Parallel Read and Write

NumPy Slicing Syntax

PnetCDF-python datasets re-use the numpy slicing syntax to read and write to the file. Slice specifications are translated directly to PnetCDF-C style of subarray selection, i.e. using index arrays of “start, count, stride”. The following slicing arguments are recognized:

  • Indices (var[1,5])

  • Slices (i.e. [:] or [0:10])

  • An empty tuple (()) to retrieve all data

  • Multiple indexing (e.g. var[1][5]) is NOT SUPPORTED in write

The operational mode (collective/independent) is dependent on the current file mode status.

f.enddef() # Exit define mode

var = f.variables['var']
buff = np.zeros(shape = (10, 50), dtype = "i4")
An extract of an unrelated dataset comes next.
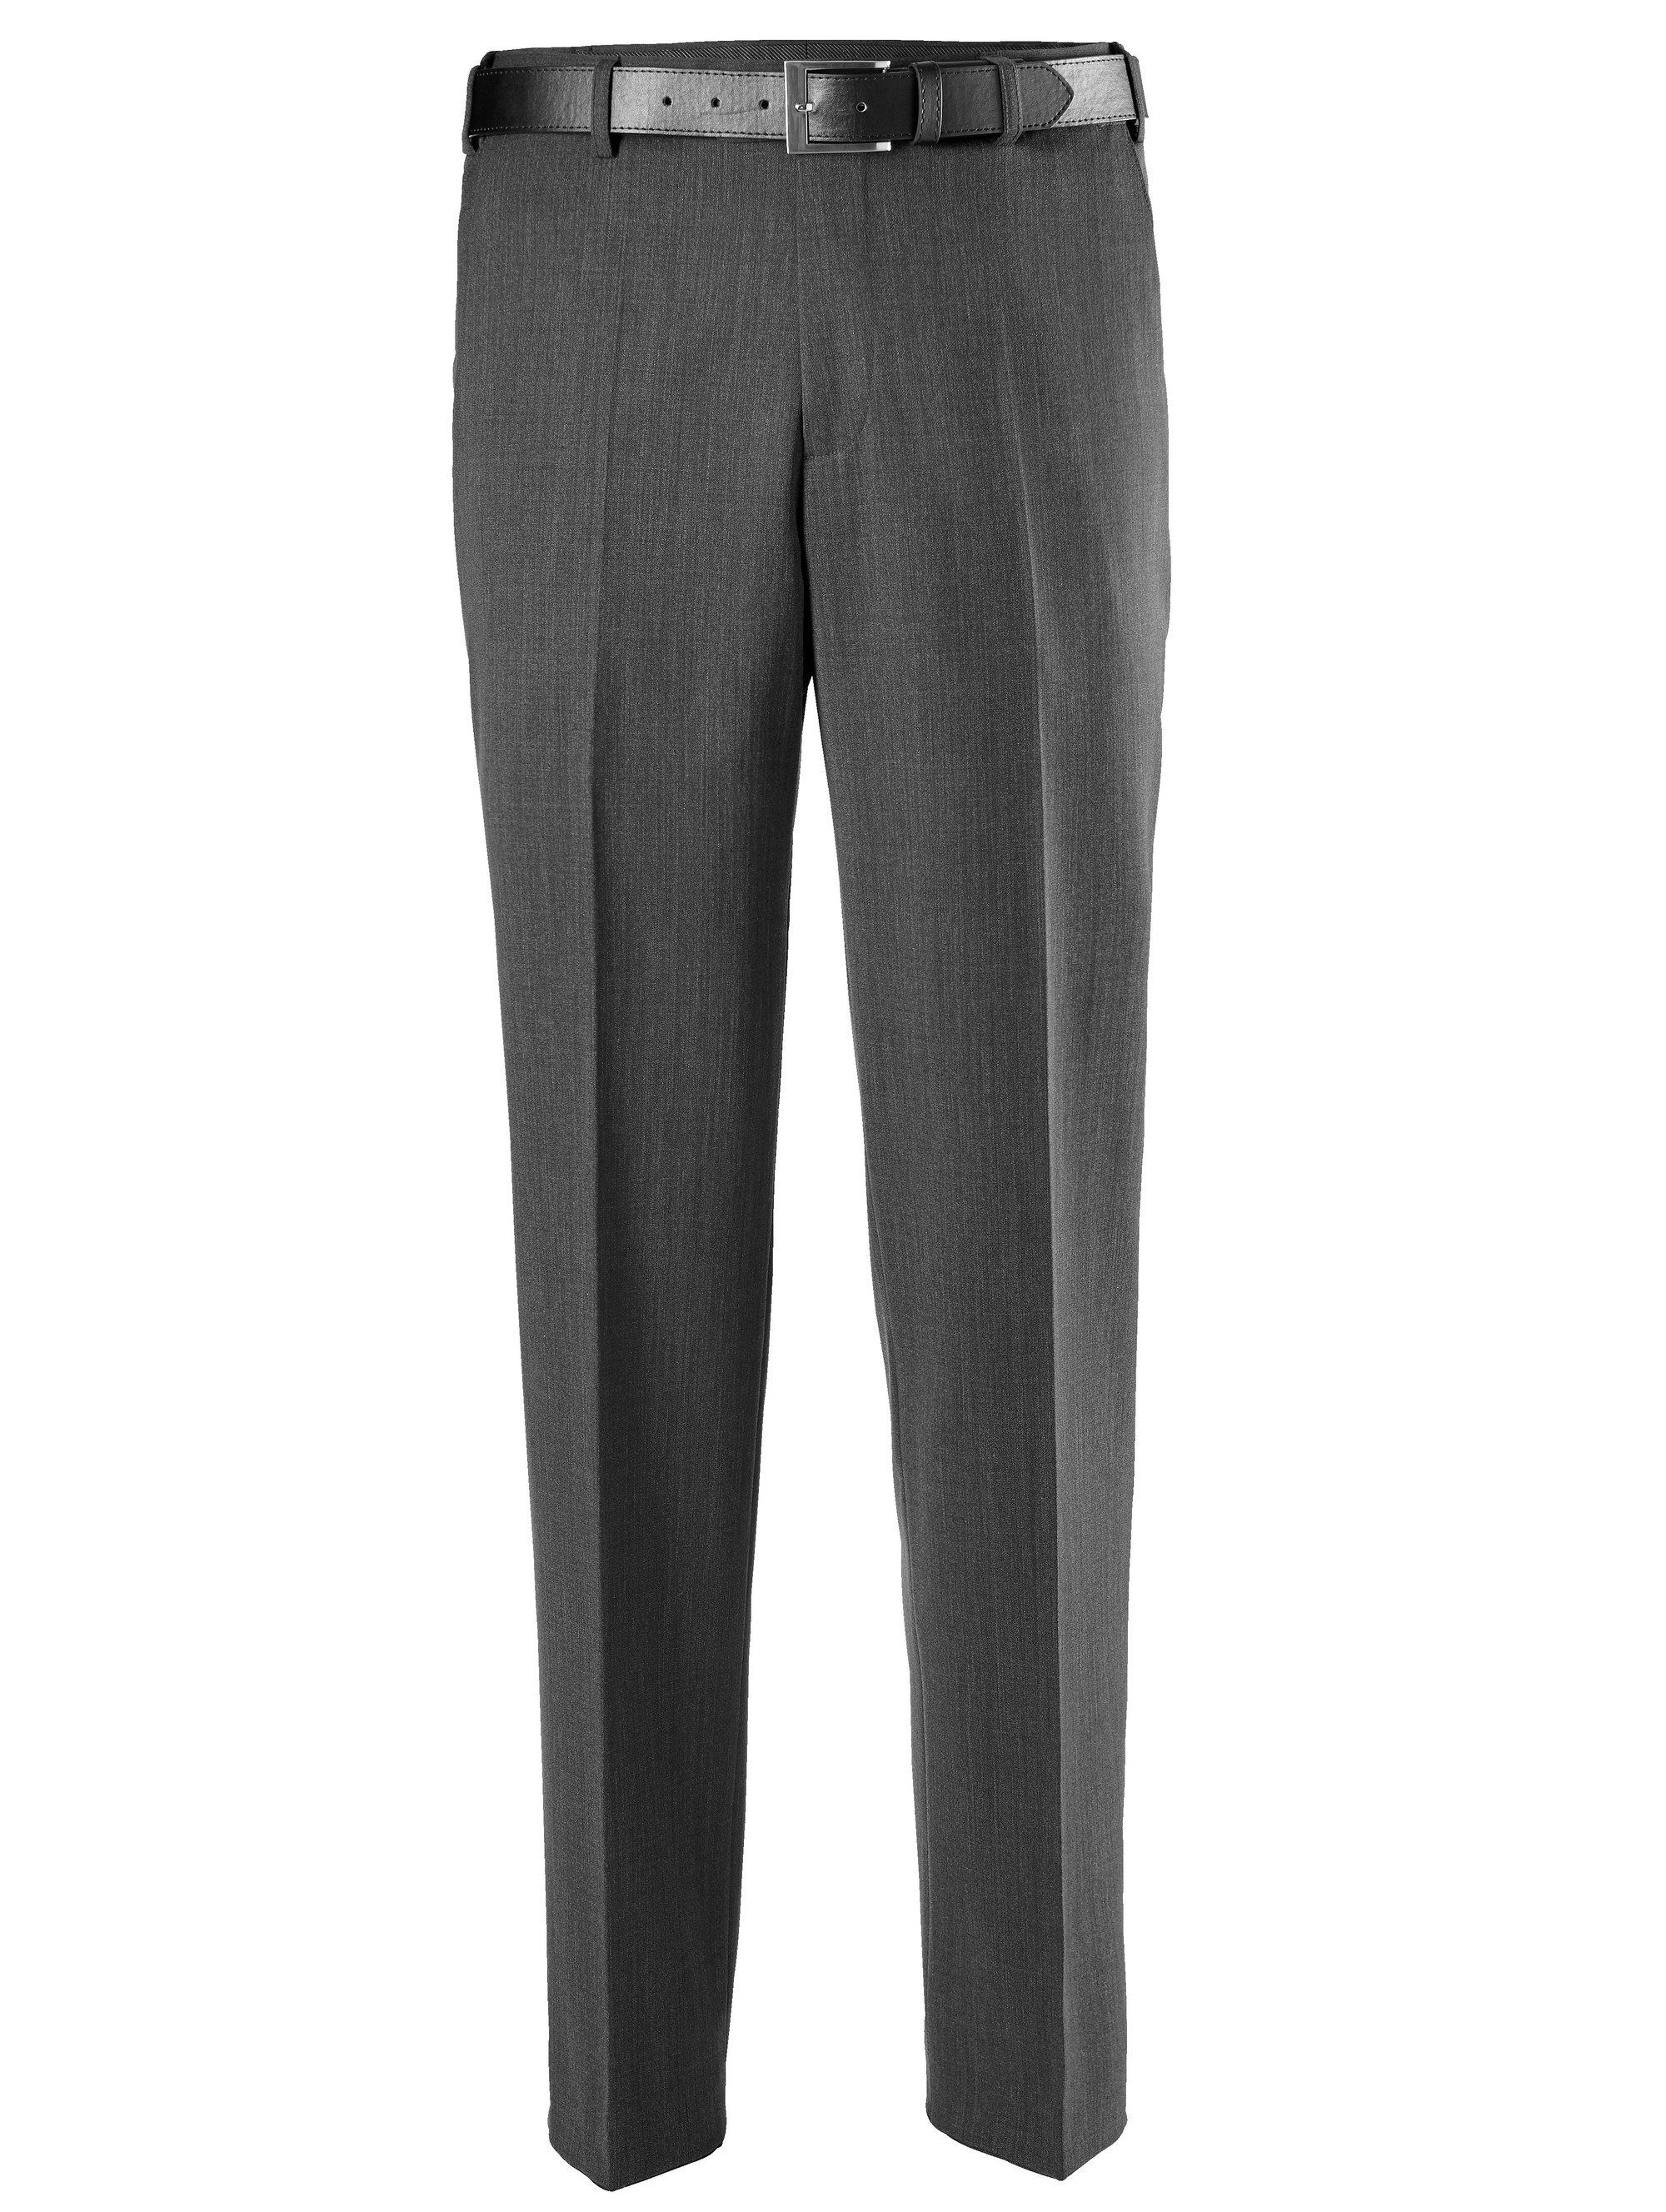 Men Plus by Happy Size Hose mit Gürtel | Bekleidung > Hosen > Sonstige Hosen | Grau | Polyester - Wolle | MEN PLUS BY HAPPY SIZE

# put values to the entire variable
var[:] = buff

# read the top-left 10*10 corner from variable var
print(var[:10, :10])

Method Call of put_var()/get_var()

Using specific method calls to perform I/O is particularly useful in multi-processing programs. Variable.put_var() requires data as a mandatory argument, which serves as a write buffer that stores values to be written. Variable.get_var() requires buff as a mandatory argument, which serves as a read buffer that stores values to be read. The behavior of Variable.put_var() and Variable.get_var() varies depending on the pattern of provided optional arguments - start, count, stride, and imap. The suffix _all indicates this is collective I/O in contrast to independent I/O (without _all).

Read from netCDF variables

For reading, the behavior of Variable.get_var() depends on the following provided input parameter pattern:

  • buff - Read an entire variable

  • buff, start - Read a single data value

  • buff, start, count - Read an array of values

  • buff, start, count, stride - Read a subarray of values

  • buff, start, count, imap, buff - Read a mapped array of values

where start, count and stride represent a corner, a vector of edge lengths, and a stride vector respectively. Together, they specify a subarray section to read from in a netCDF variable as illustrated in the diagram below. By default, the method returns a multidimensional numpy array in the shape of (count[0], … count[n-1]).

../_images/get_vars.png

Here’s a python example:

# Collectively read from a subarray of a variable
buf = var.get_var_all(start = [0, 0], count = [5, 25], stride = [2,2])

# Independently read from a subarray of a variable
f.end_indep()
buf = var.get_var(start = [0, 0], count = [5, 25], stride = [2,2])

For full example program, see examples/get_var.py.

Write to netCDF variables

For writing, the behavior of Variable.put_var() depends on the following provided input parameter pattern:

  • data - Write an entire variable

  • data, start - Write a single data value (a single element)

  • data, start, count - Write an array of values

  • data, start, count, stride - Write a subarray of values

  • data, start, count, imap - Write a mapped array of values

where start, count and stride represent a corner, a vector of edge lengths, and a stride vector respectively. Together, they specify a subarray section to write to for a netCDF variable as illustrated in the diagram below. Note that the buffer array (the numpy array to write) can take any shape as long as the total size is matched with count.

../_images/put_vars.png

Here’s a python example:

# Collectively write to a subarray of a variable
buff = np.zeros(shape = (5, 25), dtype = "i4")
var.put_var_all(buff, start = [0, 0], count = [5, 25], stride = [2,2])

# Independently write to a subarray of a variable
f.end_indep()
var.put_var(buff, start = [0, 0], count = [5, 25], stride = [2,2])

For the full example program, see examples/put_var.py and examples/collective_write.py.